Attorneys for Glenwild Golf Club filed motions to dismiss the two cases last week, stating the club’s bylaws protect board members “from the harassment and expense of a Club member retaliating against them by suing them in court.”
Instead, Baker is contractually obligated as a club member to resolve his disputes “through mandatory alternative dispute resolution.” Glenwild’s attorneys say Baker himself already initiated that process.
“Consequently, this court lacks subject matter jurisdiction, this is an improper venue, and plaintiff [Baker] has failed to state a claim, here, upon which relief can be granted.
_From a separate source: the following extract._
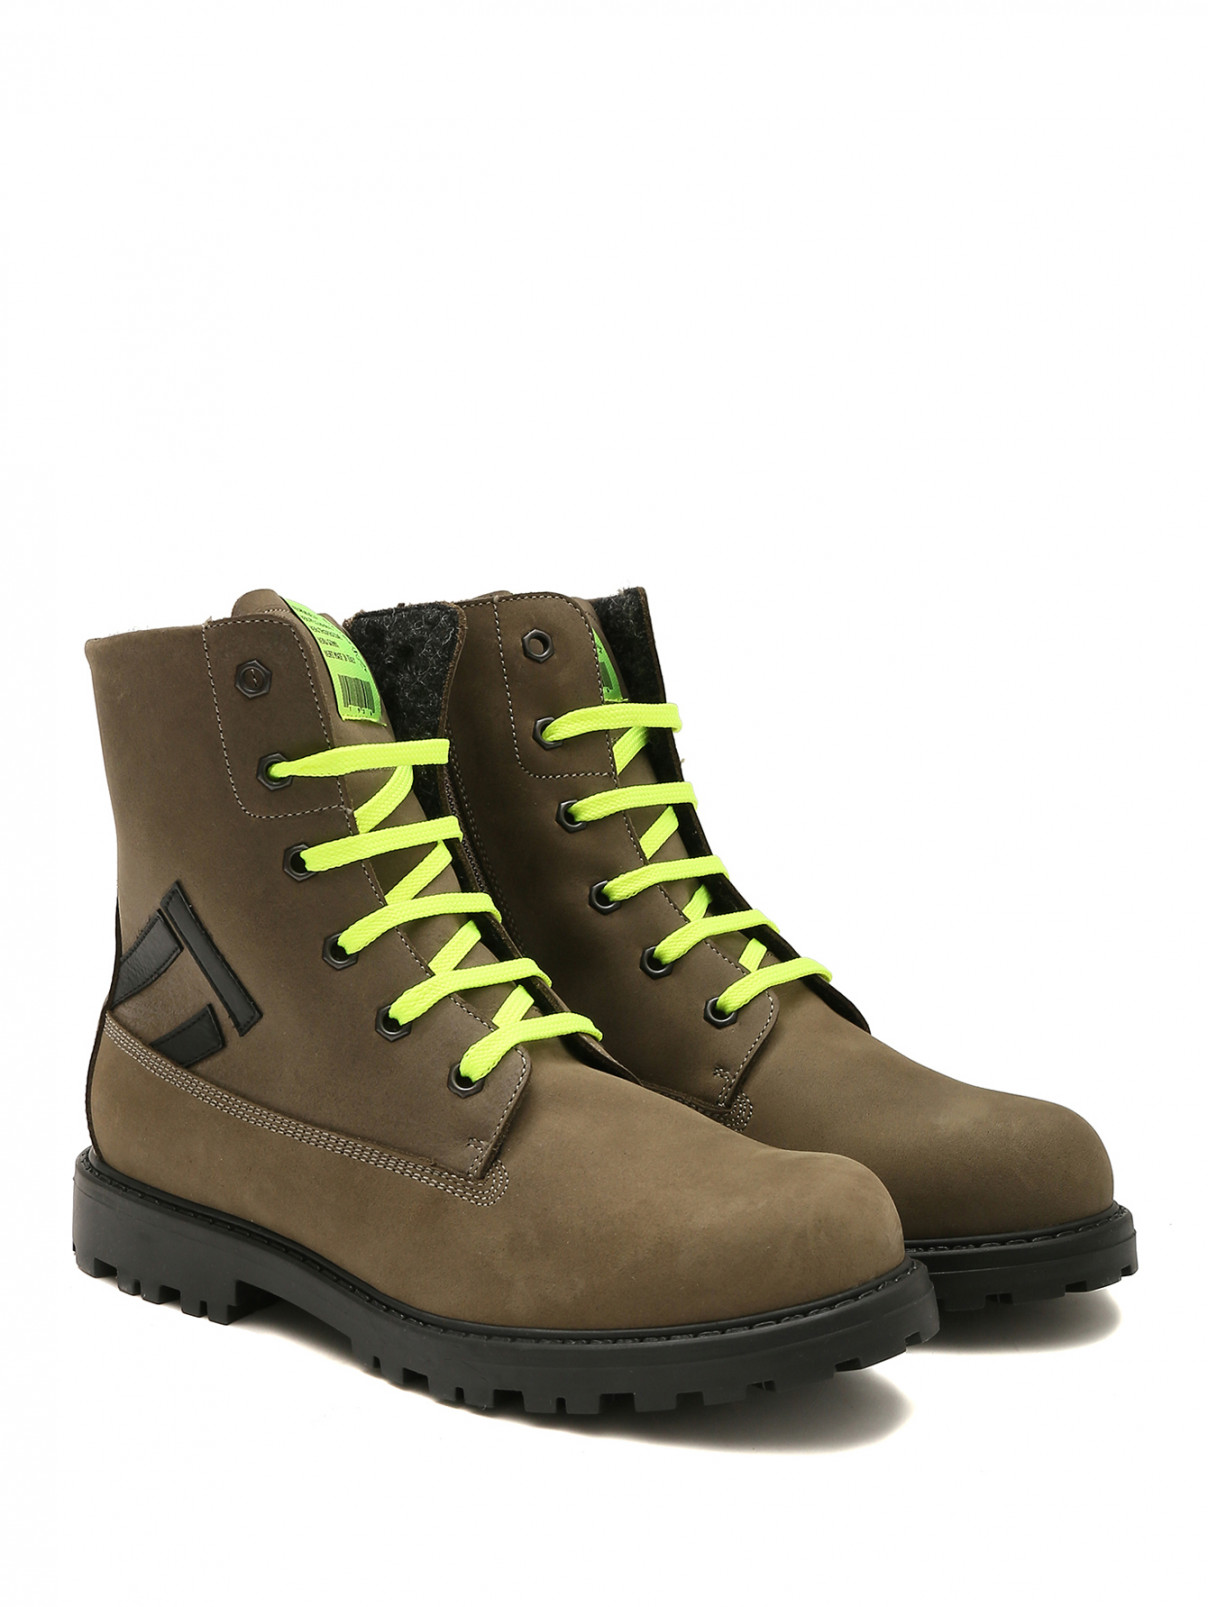 Замшевые ботинки с акцентными шнурками Rondinella  –  Общий вид  – Цвет:  Зеленый

Thus this court should dismiss the complaint,” the motion to dismiss states.
The club’s attorneys additionally argue Baker and his legal team “corresponded frequently with Glenwild’s counsel” throughout the disciplinary process and “that correspondence also included inappropriate and groundless threats to sue anyone involved in plaintiff’s potential discipline for many millions of dollars.”
“Plaintiff, then and now, holds himself above the obligations to which he agreed in the bylaws, and sought to turn a simple disciplinary hearing into a full-blown trial, including proffering witnesses and evidence,” the motion says. “Glenwild’s board refused to pander to plaintiff’s arbitrary and petulant threats and demands.”
The board’s response claims Baker never accepted a hearing date, causing them to schedule the hearing last month regardless of his attendance.
“[Baker] responded to that notice by indicating he would not attend the hearing scheduled for Dec. 6, citing travel commitments, but in any event even if he were available, he was not inclined to attend the hearing,” Glenwild’s attorneys claim in court documents. “Given [Baker’s] utter lack of commitment to attend any hearing other than of his own character and creation, Glenwild’s board saw no reason to delay the hearing any further.”
Baker then decided to file a lawsuit rather than appealing the decision through the methods described in the club’s bylaws, according to the motion to dismiss.
Third District Court Judge Richard Mrazik has not yet issued an order regarding the motion, and there are currently no scheduled court dates.
The Park Record attempted to contact attorneys representing Glenwild Golf Club but did not receive a response by time of publication.